Thursday, February 20, 2014

ParaSail Work Stealing speeds up

We are now releasing revision 5.2 of the ParaSail compiler and interpreter, which incorporates a new implementation of work stealing.  Links to both binaries and sources can be found at:

in the Documentation and Download section of the web page.

Here is the new entry in the release notes for revision 5.2:

* [rev 5.2] Re-implementation of work stealing to reduce contention between processors.  Each server now has a private double-ended queue (deque) of pico-threads, along with the shared triplet of deques which has existed before.  This produced another two times speedup (in addition to the rev 4.9 improvements), thereby speeding up execution by four times or more since rev 4.8. The main procedures for each language (ParaSail, Sparkel, etc.) have been refactored to share more common code. Allow a command-line flag "-servers nnn" to specify the number of heavy-weight server threads to use.  Default is 6. Command can also be given interactively, as "servers nnn". Interactively it only works to increase the number; there is no way to shut down servers that already have been activated.

Wednesday, February 19, 2014

Worklist Algorithms and Parallel Iterators

ParaSail has some very general parallel iterator constructs.  One of the more unusual involves the use of a continue statement to initiate a new iteration of an outer loop statement, as illustrated in this breadth-first search of a graph:

        var Seen : Array<Atomic<Boolean>, Indexed_By => Node_Id> :=
          [for I in 1 .. |DGraph.G| => Create(#false)];

        for Next_Set => Root_Set loop  // Start with the initial set of roots
            for N in Next_Set concurrent loop  // Look at each node in set
                if not Value(Seen[N]) then
                    Set_Value(Seen[N], #true);
                    if Is_Desired_Node(DGraph.G[N]) then // Found a node
                        return N;
                    end if;
                    // Continue outer loop with successors of this node
                    continue loop Outer with Next_Set => DGraph.G[N].Succs;
                end if;
            end loop;
        end loop Outer;
        // No node found
        return null;

It has been a bit hard to explain what it means for an inner concurrent loop to continue an outer loop.   More recently, we have developed an alternative explanation.  The basic idea is to appeal to the notion of a worklist algorithm.  Various (sequential) algorithms are organized around the use of a list of work items to be processed, with the overall algorithm continuing until the worklist is empty, or, for a search, until an item of interest is found.  For example, the work-list approach to data flow analysis algorithms is described here:
Here is another worklist-based algorithm, for solving a constraint satisfaction problem using the Arc Consistency approach:
Finally, here is a breadth-first graph search algorithm, which uses a work queue instead of a work list:
So one way of explaining this kind of ParaSail iterator is as a built-in work-list-based iterator, where the loop keeps going until there are no more work items to process, and continue adds a new work-item to the worklist.  This approach makes it clear that such iterators can work even if there is only one physical processor available, and also suggests that the work items are not full threads of control, but rather light-weight representations of some work to be done.  This terminology of work items and work list or work queue also matches well with the terminology of the underlying work stealing scheduling mechanism in use.

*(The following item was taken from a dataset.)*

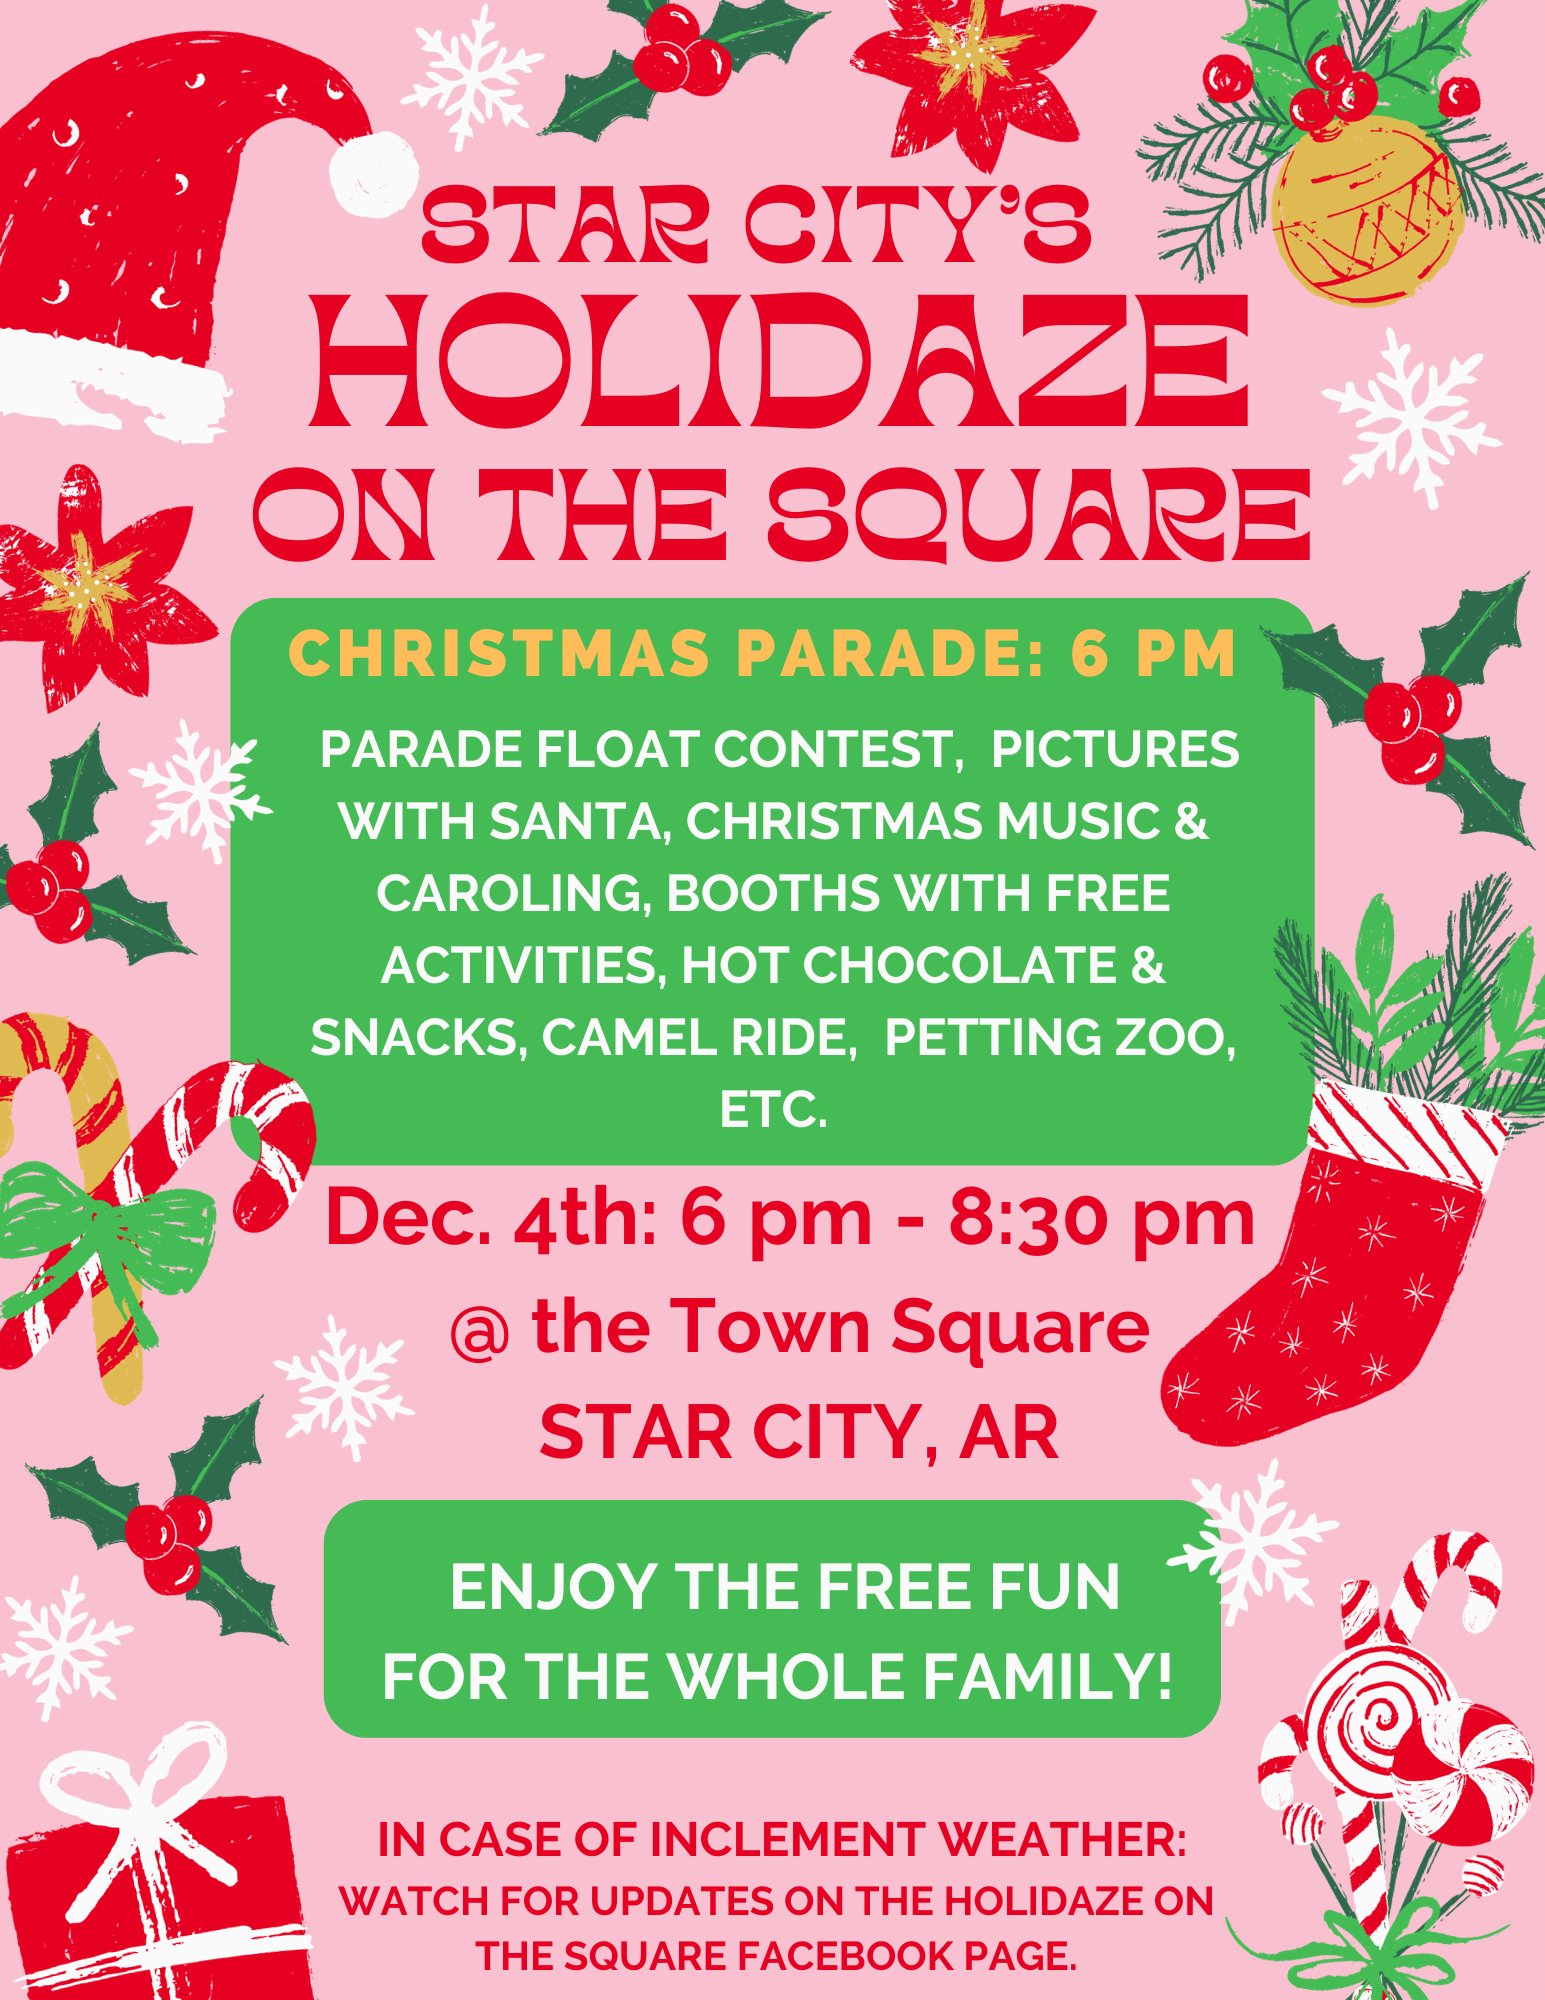 HoliDaze on the Square Ad with pink and red Christmas decor.

We used to refer to such ParaSail's parallel iterators as a bag of threads, but now it seems easier to describe each iterator as having its own list of work items (i.e. a worklist) and the loop keeps going until the worklist is empty, or until we encounter a return or exit (aka break) statement.

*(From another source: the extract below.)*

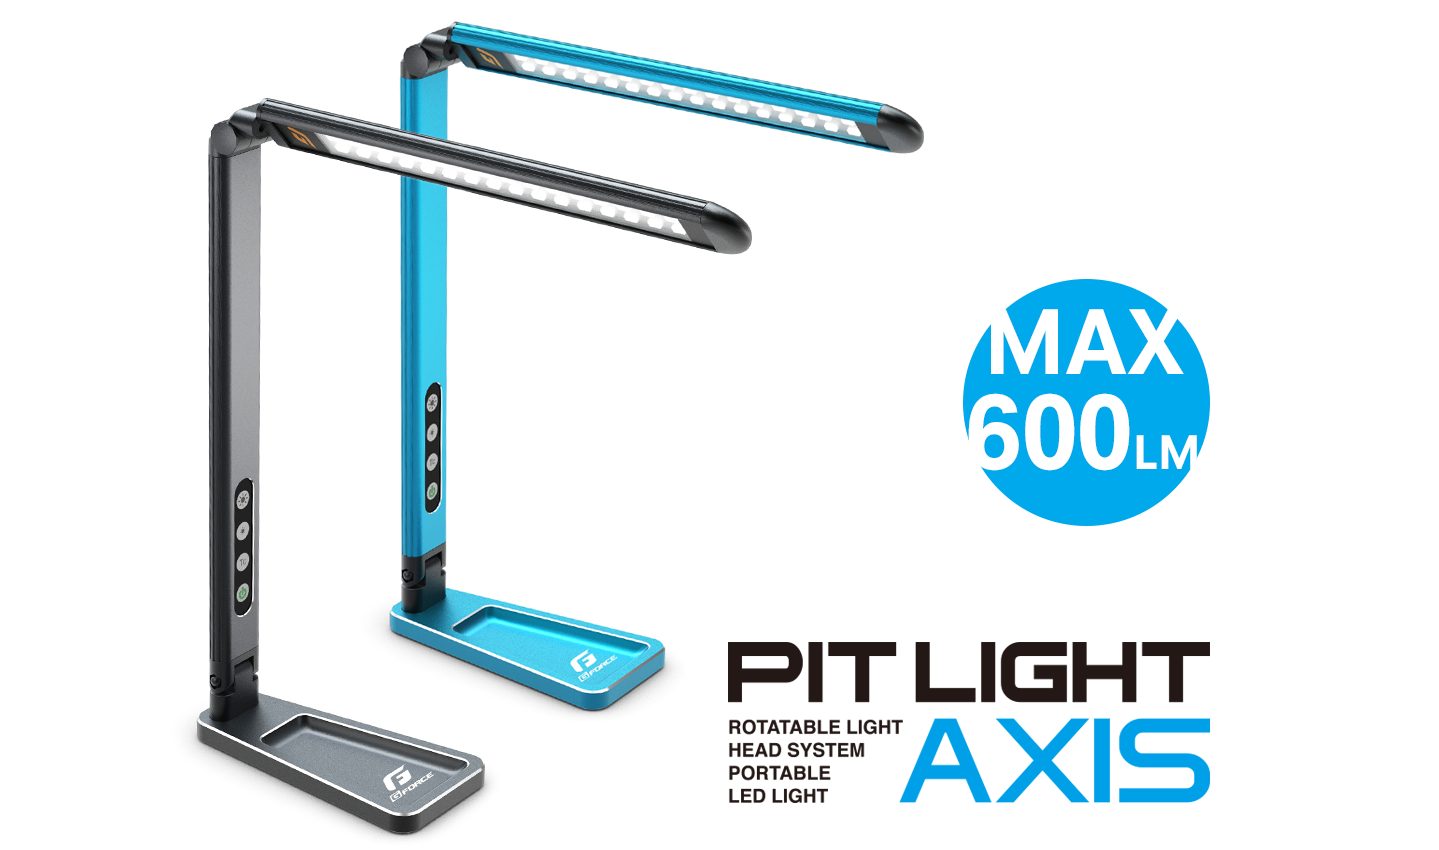 Pitlight AXIS

One interesting detail at this point is that for a breadth-first search, you want the work list/queue to be processed in a FIFO manner, while for a depth-first search, you want to process the work list/queue as a stack, in a LIFO manner.  The work-stealing scheduler we use does some of both, using FIFO when stealing, and LIFO when the work-items are served by the same core that generated them.  This argues for perhaps giving more control to the programmer when using an explicit continue statement, to be able to specify FIFO or LIFO.  However, it is not entirely clear if that added complexity is worthwhile.